Symantec Access Management

  • Private Community
 View Only

  • 1.  LDAP 81 error,but ldapsearch works

    Posted Nov 03, 2016 01:42 PM

    On my R1252CR4 Policy Server, there is a working AD connection over SSL. All of a sudden one day it failed to work.

    Telnet to ldap:3269 is sucessful

    When I run LDAP search, using

     

     ldapsearch -D "userdn" -w pwd -h ldap -p 3269 -b "dc=com" -s base "objectClass=
    *" -P /opt/netegrity/siteminder/sslcerts/cert8.db , I get successful response.

     

    Every 30 sec, My smps.log shows: 

    SmDsLdapConnMgr Bind. Server ldap : 3269. Error 81-Can't contact LDAP server

     

     smtrace after enabling every component and Data value: 

     

    [11/03/2016][12:39:41][3610741616][][SmDsLdapConnMgr.cpp:909][][][][][][][][][][][][][LogMessage:ERROR:[sm-Ldap-01370] SmDsLdapConnMgr Bind. Server ldap : 3269. Error 81-Can't contact LDAP server][5786][12:39:41.525][][][][][][][][][][][][][][][][][][][][][][][][][][][][][][][][][][][][][][][][][][][][][][]

     

    Anyone can throw light?

     

    Same LDAP , same cert is being used from other policy servers and they seem to work well, atleast for now.

     

    Appreciate any help on further troubleshooting this issue.

     

    Policy server has been restarted multiple times..

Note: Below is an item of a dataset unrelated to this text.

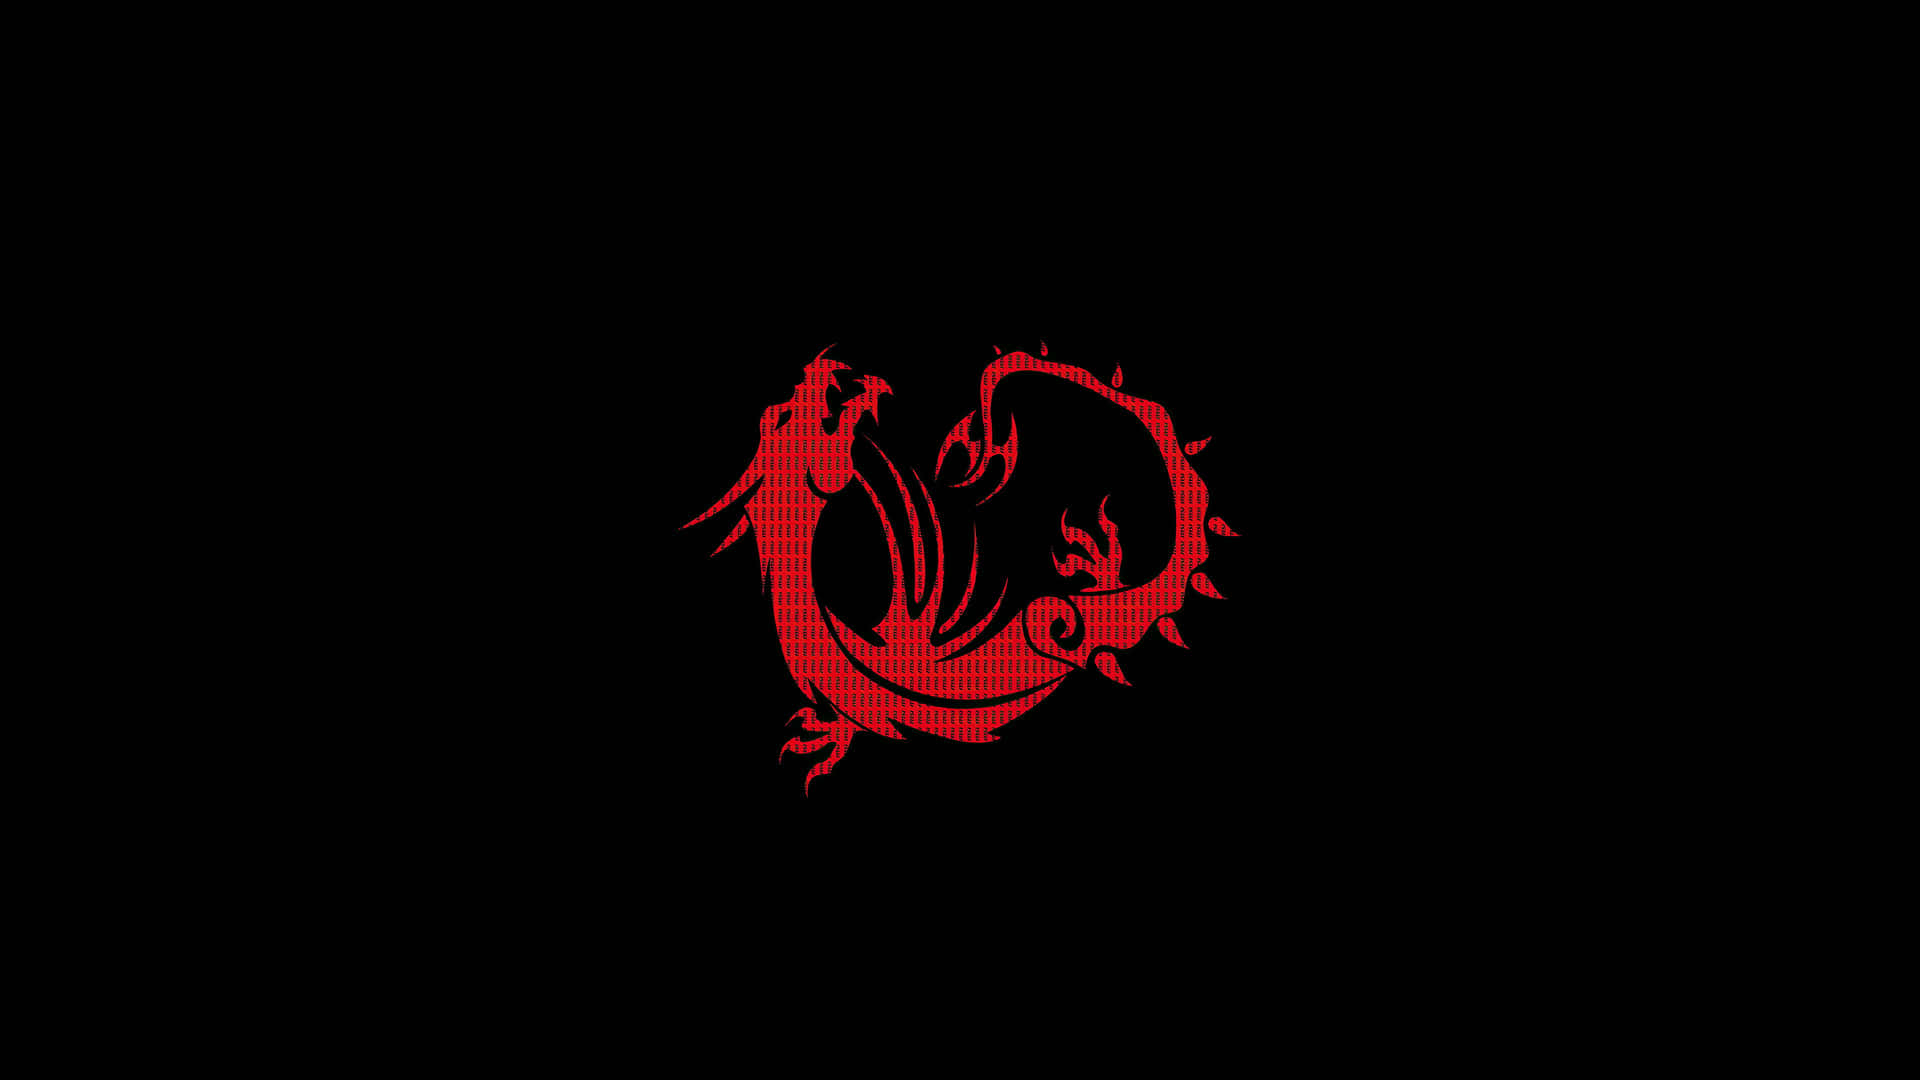 Red Gaming Dragon Logo Wallpaper

  • 2.  Re: LDAP 81 error,but ldapsearch works

    Posted Nov 03, 2016 02:40 PM

    Hmm sounds interesting


    Few questions:


    1. So the view contents fails to fetch any record for this AD?

    2. Does the non SSL port 3268 works?

    3. Did you compare working vs non working Policy server registry for any difference? For e.g the referral related registry may have some influence to such behaviour.

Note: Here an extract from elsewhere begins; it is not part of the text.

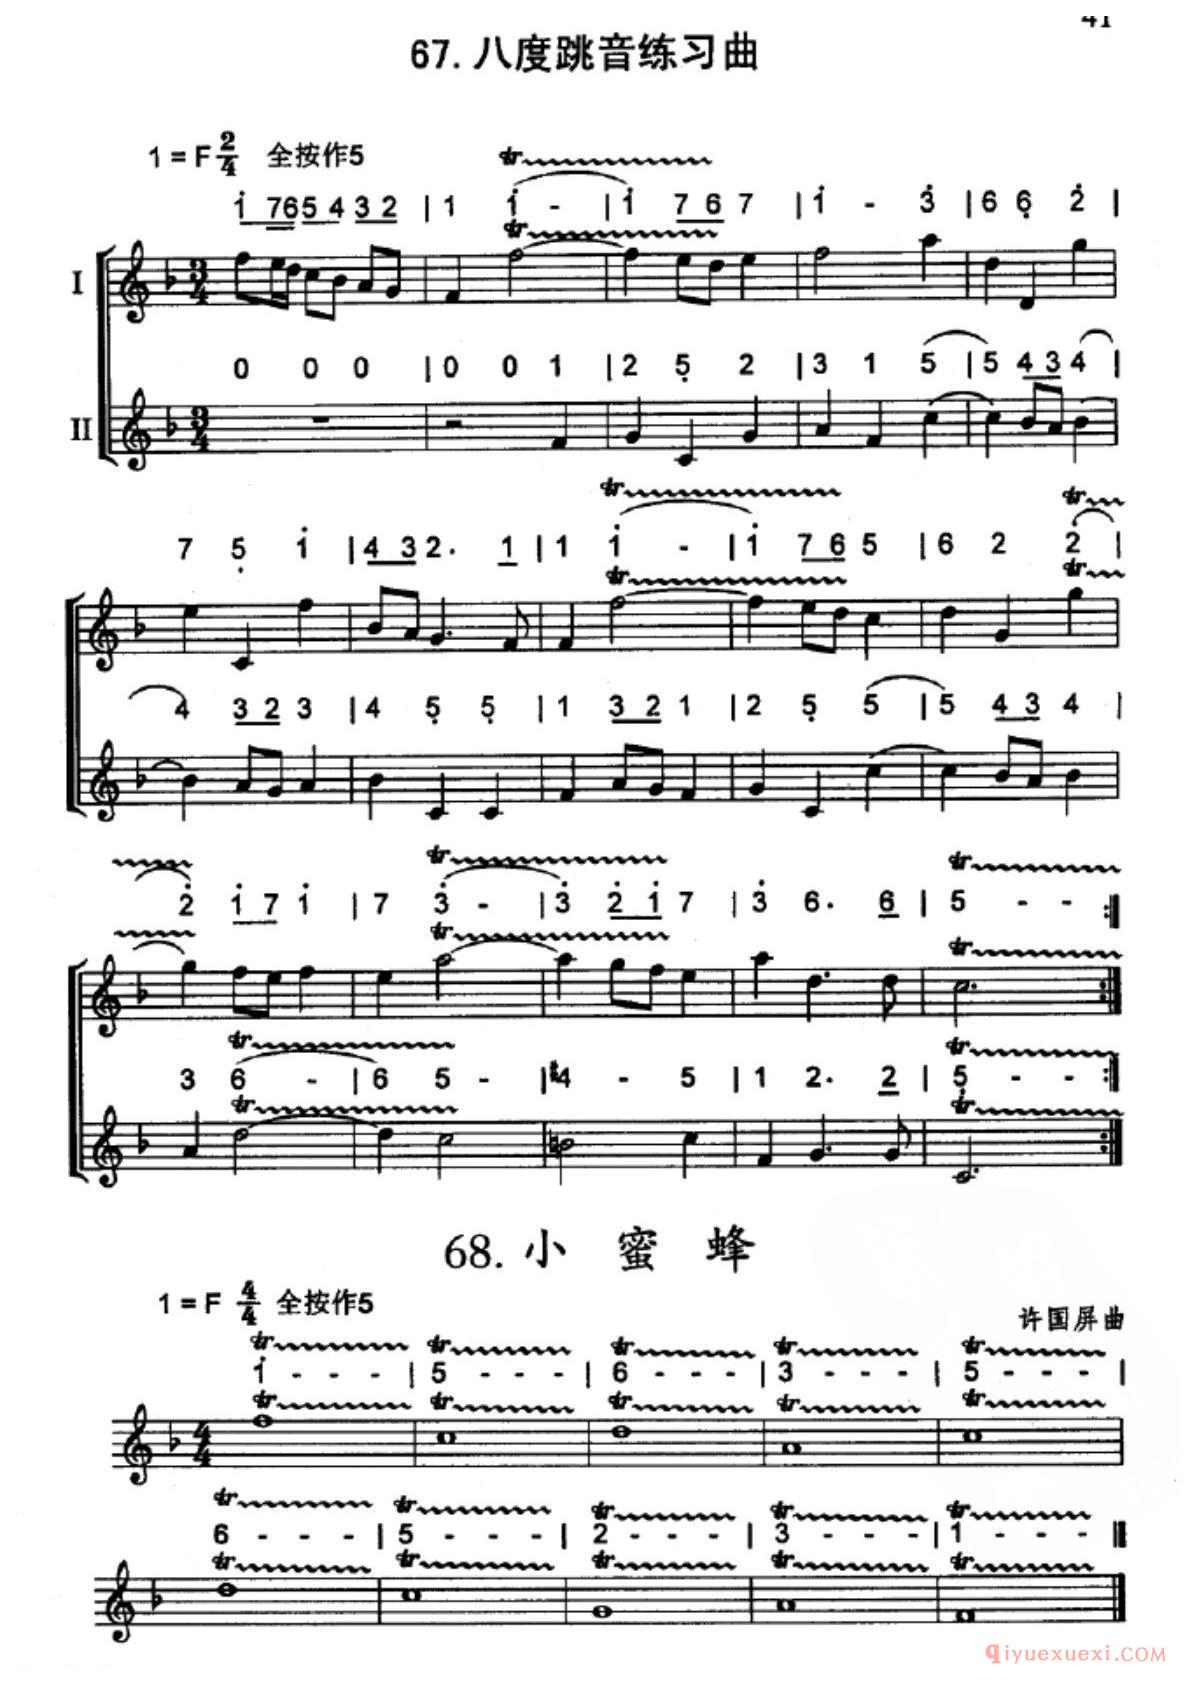 竖笛八度跳音练习曲_五线谱与简谱对照

    4. Will you be able to get the private key used for this secure connection? As that will be needed to decrypt the wireshark trace and review the failing LDAP calls:

    https://wiki.wireshark.org/SSL#Wireshark





  • 3.  Re: LDAP 81 error,but ldapsearch works

    Posted Nov 03, 2016 05:09 PM

    Hi Anil,

     

    You mentioned this is AD connection over SSL and was working before, worth checking on the server certificate validity (that was added to the certificate database file).



  • 4.  Re: LDAP 81 error,but ldapsearch works

    Posted Nov 03, 2016 05:42 PM

    Doubt that is the case as ldapsearch ssl connection works on the same policy server with the same certificate 



  • 5.  Re: LDAP 81 error,but ldapsearch works
    Best Answer

    Posted Nov 04, 2016 06:16 PM

    Upon further checking, I noticed, 'Secure Connection' Check box was unselected. This is a working config until it broke, and noone has authority to do make changes except me. All is well now. Have to go through audit details to see what happened. Thank You all for your suggestions.